• PROMPT: Nothing should appear in the answer except the lines below from the line containing "Lush yellow rose" through the line containing "1280x1024 Pink Sherbet", copied exactly, with pictures left out.

• MATERIAL FOR THE TASK:
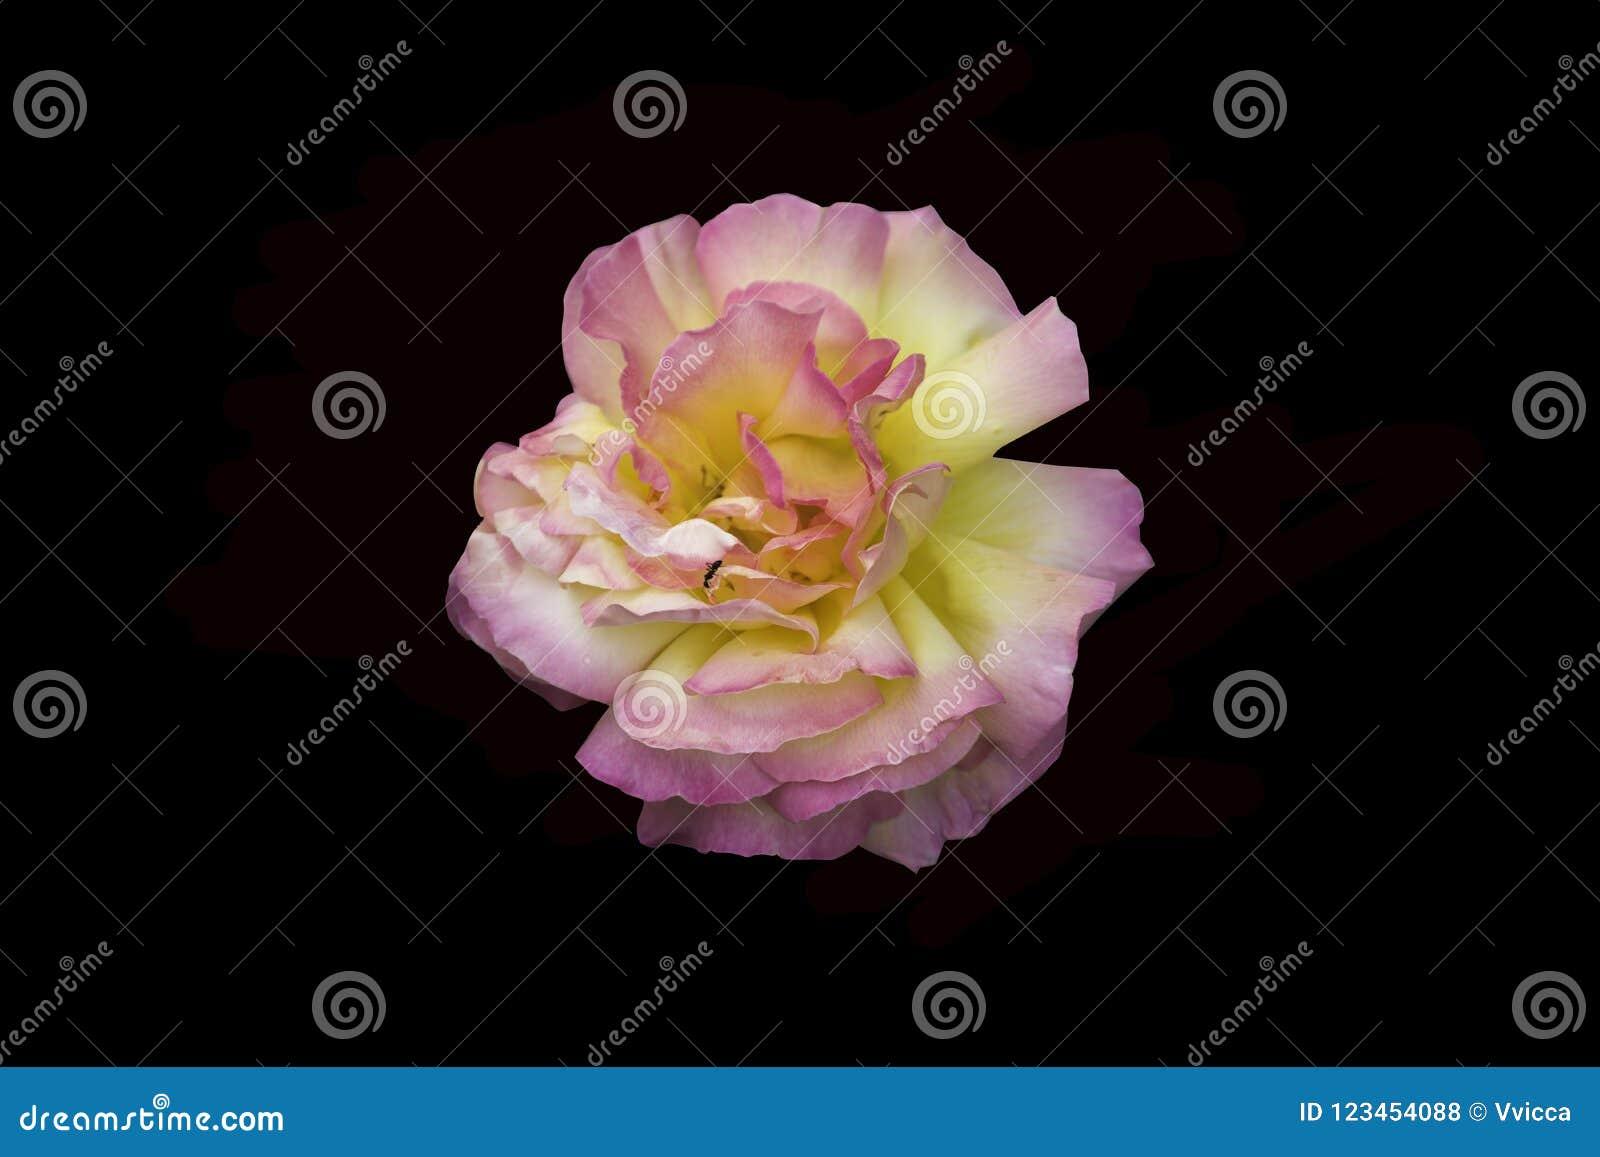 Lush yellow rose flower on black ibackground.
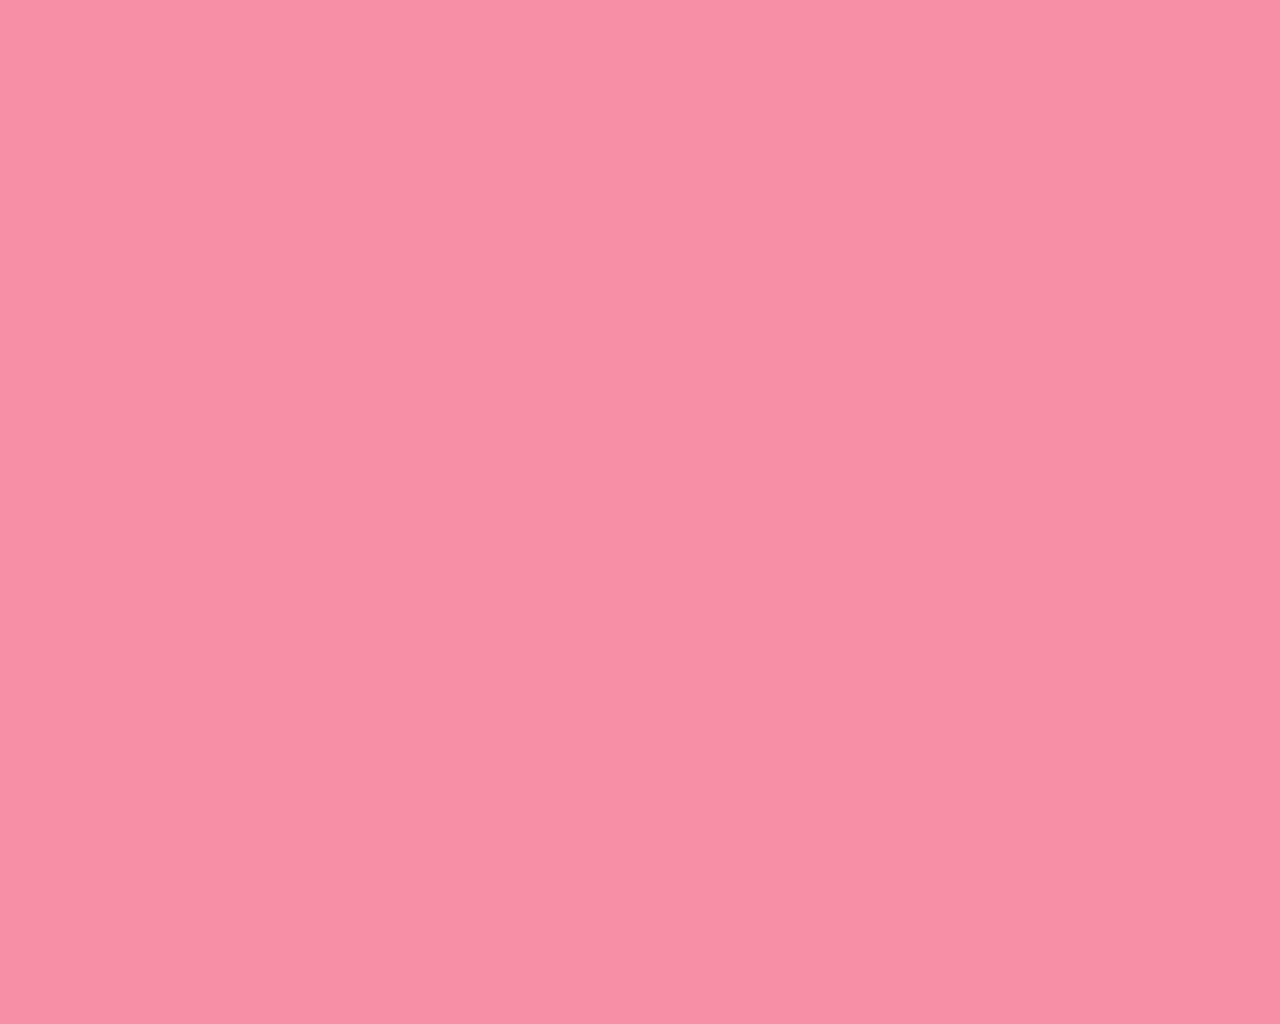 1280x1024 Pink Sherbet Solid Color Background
---
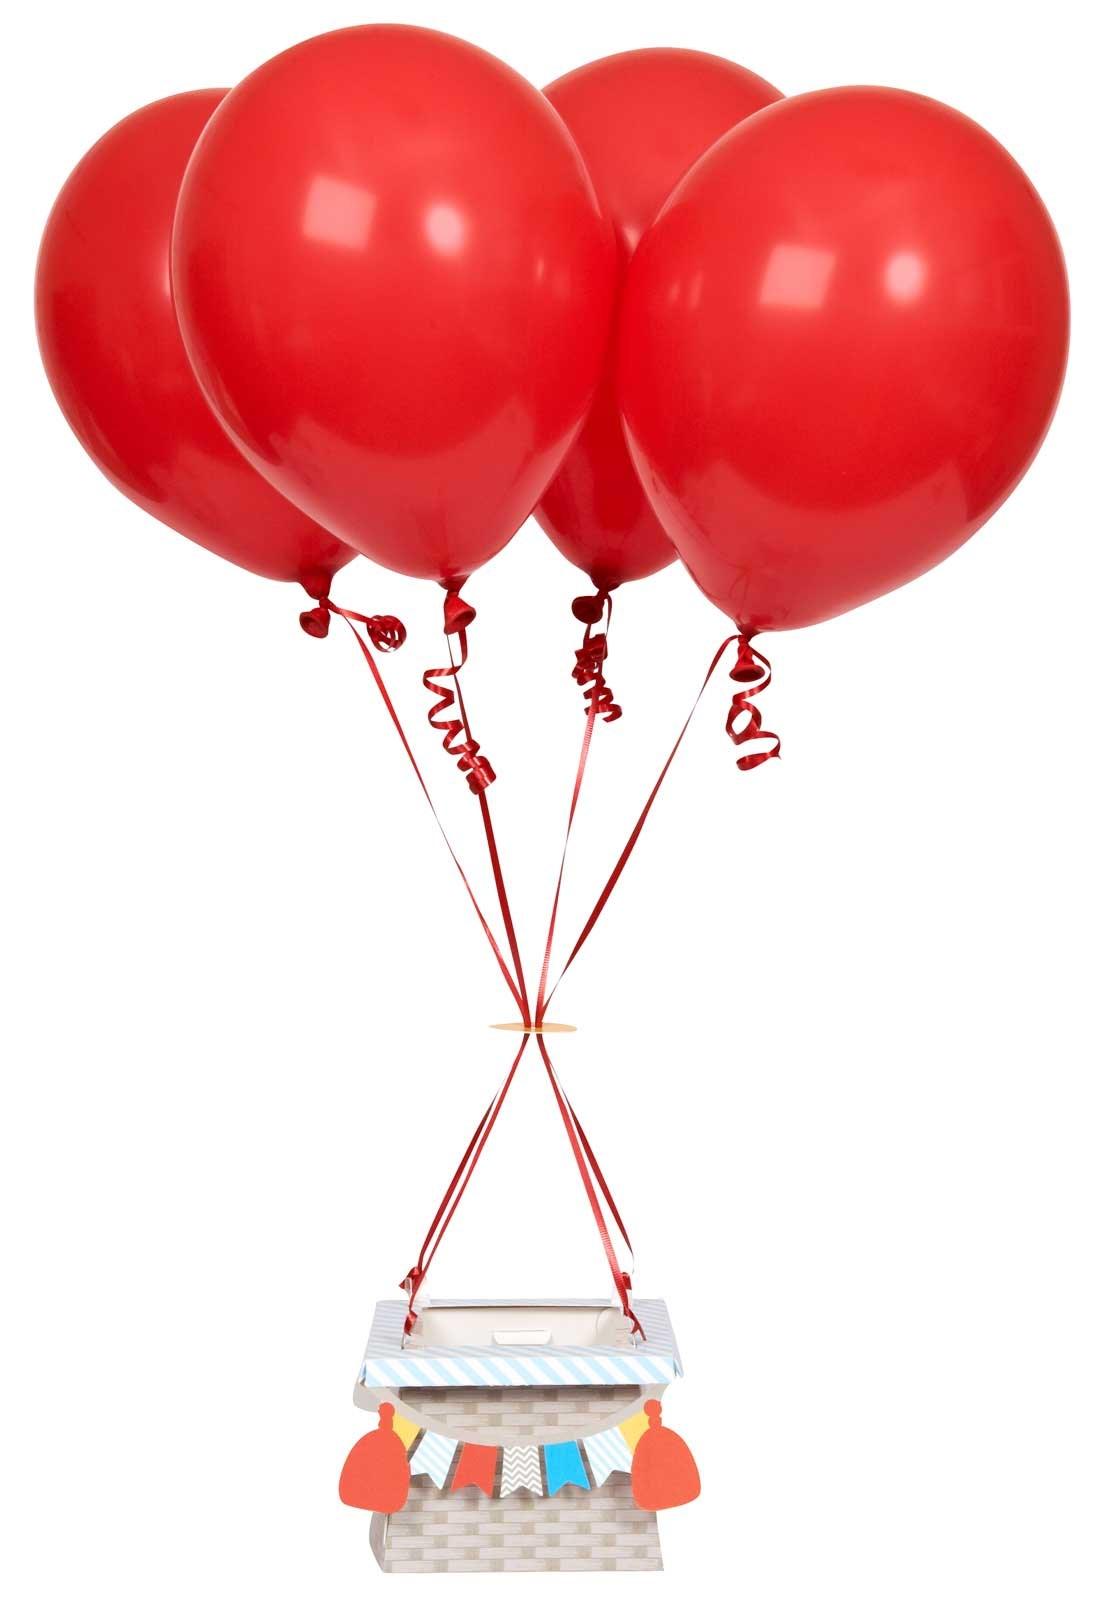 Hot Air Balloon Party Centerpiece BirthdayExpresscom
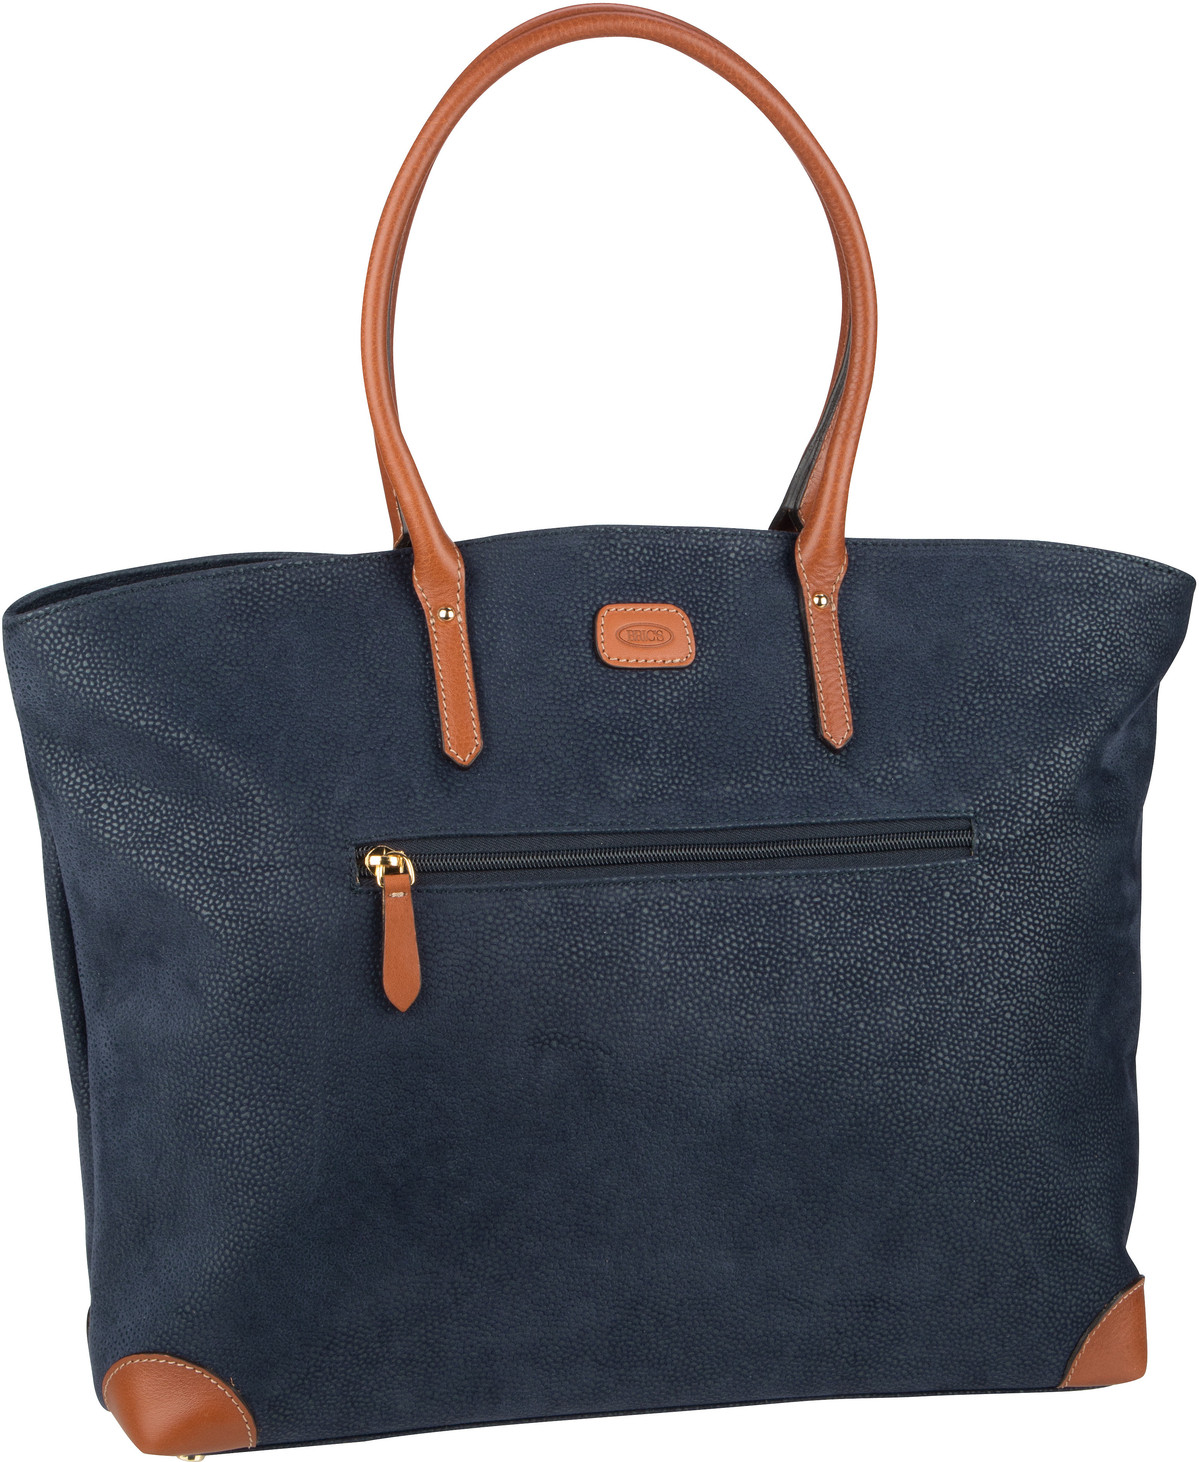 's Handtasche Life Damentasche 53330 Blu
--
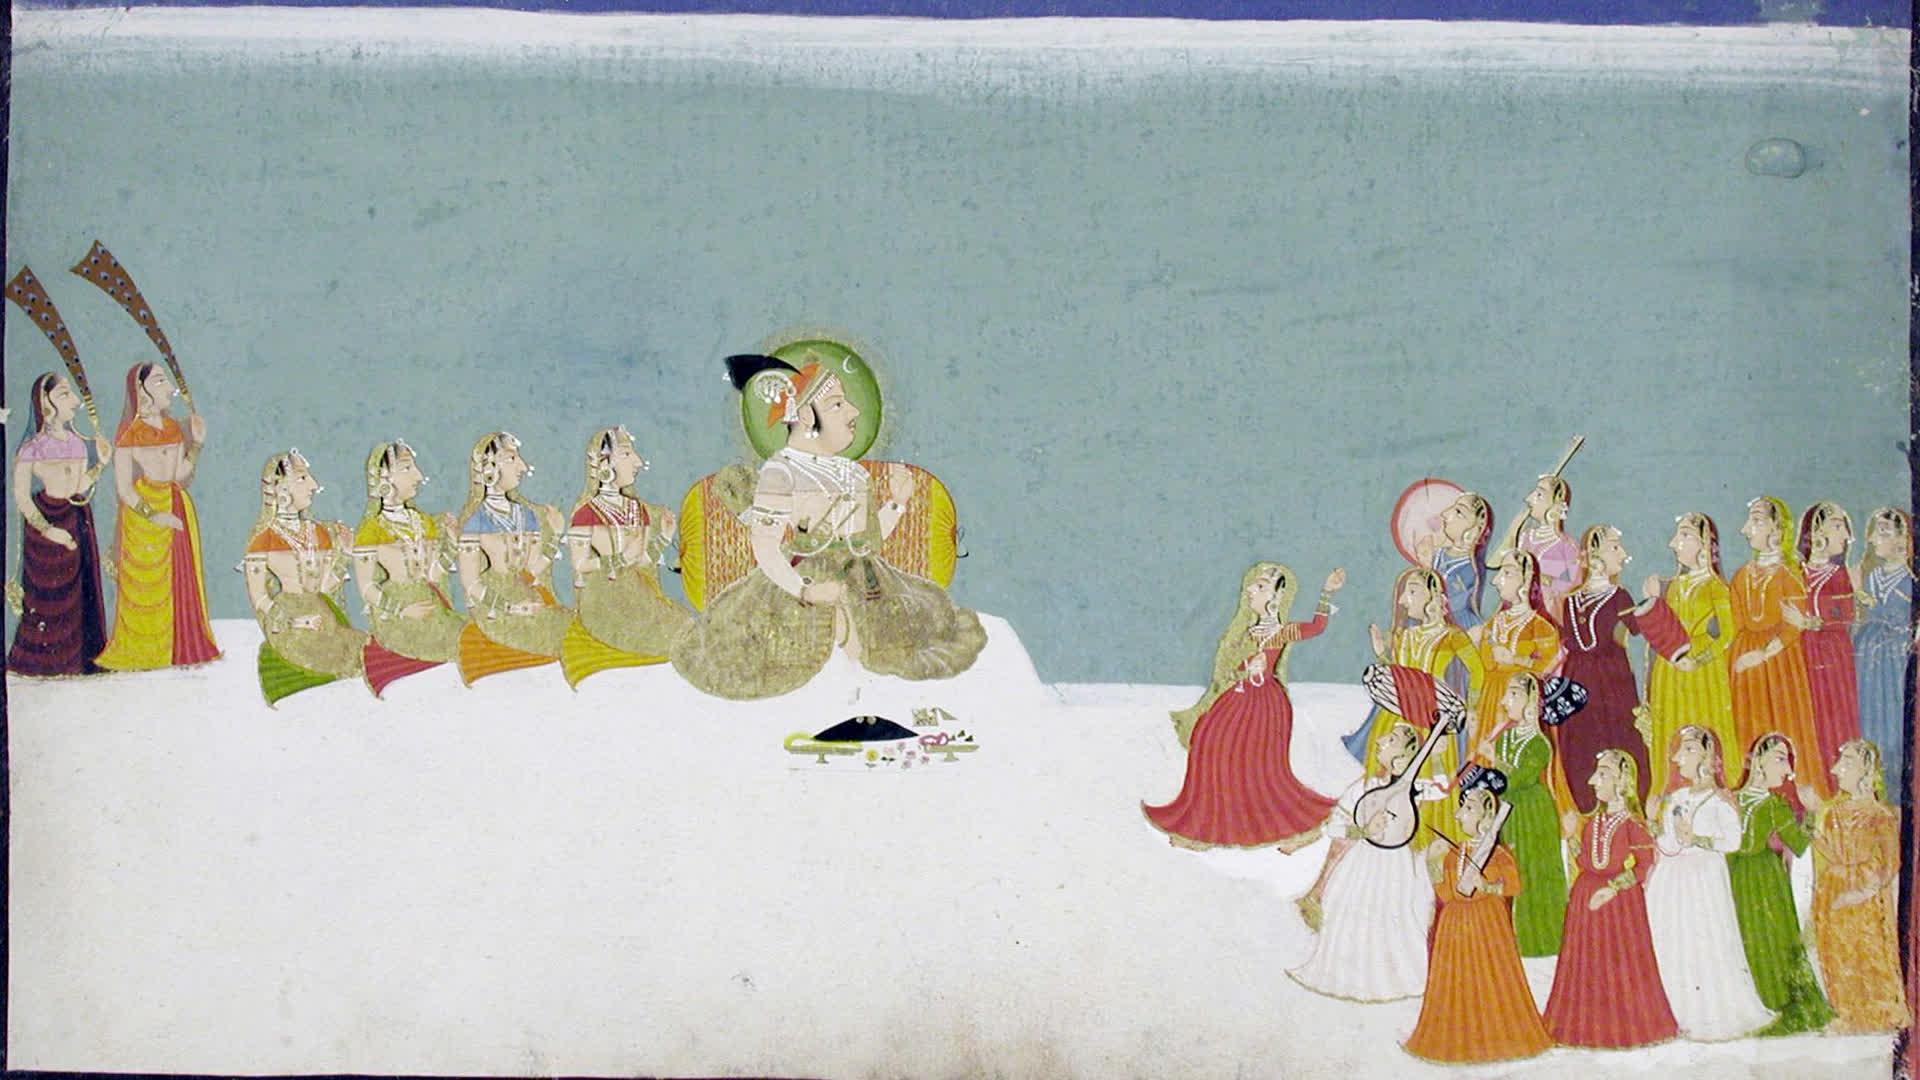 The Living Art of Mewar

• OUTPUT FOR THIS TASK:
 Lush yellow rose flower on black ibackground.
 1280x1024 Pink Sherbet Solid Color Background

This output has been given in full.